Bollinger Bands in trading terminal
Moving averages are procyclical indicators that follow the trend: As long as the market is trading above its recent average, an upward trend is present in the broadest sense. The Bollinger Bands developed by the analyst John Bollinger offer an orientation mark that also takes into account the current market volatility.
Most charting software includes simple percentage bands. A percentage band surrounds a moving average and is placed, for example, 3 % above the average and 3 % below the average. The simple interpretation: If the market approaches the upper percentage band, this is considered an overbought situation; if prices are close to the lower percentage band, on the other hand, there may be an oversold situation.
Percentage bands are very static and do not take into account the current dynamics of the market. Bollinger bands are placed two standard deviations above and below the moving average respectively. This results in 95% of prices moving within the two bands.
In dynamic uptrends, the price usually moves between the moving average and the upper band. The situation is similar with downward trends.
In the relevant literature, both procyclical and anti-cyclical views can be found with regard to the interpretation of Bollinger bands. Many analysts believe that prices in the area of the upper band are suitable for opening a short-term position against the prevailing trend.
The bands can also serve as a dynamic price target. If the market bounces off the upper band and falls below the moving average in the course of the subsequent downward movement, the lower band can serve as a target.
here is good explanation by thai traders: "MACD เป็นหนึ่งในตัวบ่งชี้ทางเทคนิคที่รู้จักกันดีใน ดาวน์โหลด metatrader 4 และรวมอยู่ในซอฟต์แวร์การซื้อขายที่เกี่ยวข้องทั้งหมด. ตัวบ่งชี้ขึ้นอยู่กับแนวคิดของการย้ายค่าเฉลี่ย."
"The MACD is one of the best-known technical indicators and is included in all relevant trading software. The indicator is based on the concept of moving averages."
Graphically, the MACD appears as a combination of lines. The first line is the MACD line. It is understood as the difference between two exponentially weighted moving averages with different period lengths. In the default settings of most charting programmes, 12 and 26 days are used.
The second line is an exponentially smoothed average of the MACD line. The standard settings usually provide for an average with a length of nine periods. The second line is also called the signal line and is slower than the MACD line.

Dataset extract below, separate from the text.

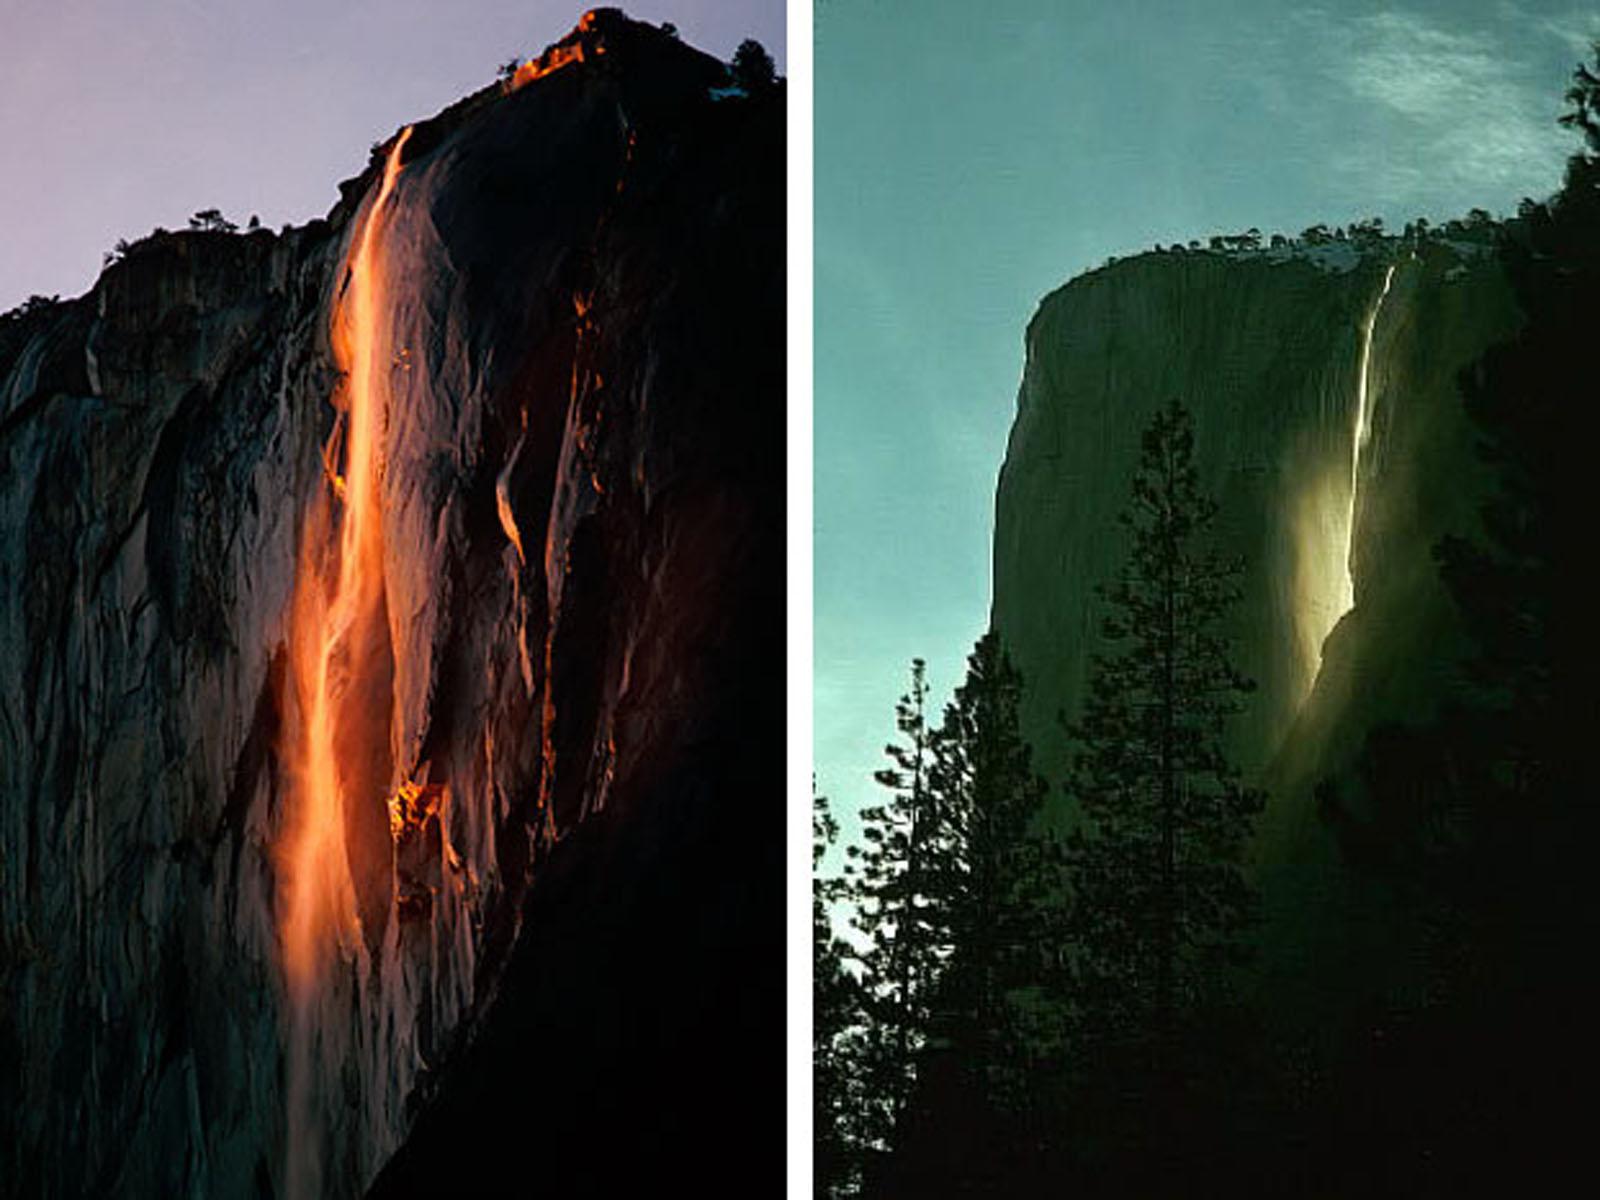 Fall Colors Wallpaper 1920x1080 Horsetail Falls Yosemite National Park California 2013

The interpretation is very simple. If the faster line crosses the slower line from bottom to top, a buy signal is present. Conversely, a sell signal is generated when the faster line crosses the slower line from top to bottom.
At first glance, therefore, the MACD is no different from very simple indicators with two or more moving averages.
The MACD runs on a value scale of (mostly) 60 to -60 and is thus also an oscillator. The interpretation is also very similar: if the two lines run far into negative territory, an oversold situation is assumed. Conversely, high values indicate an overbought situation.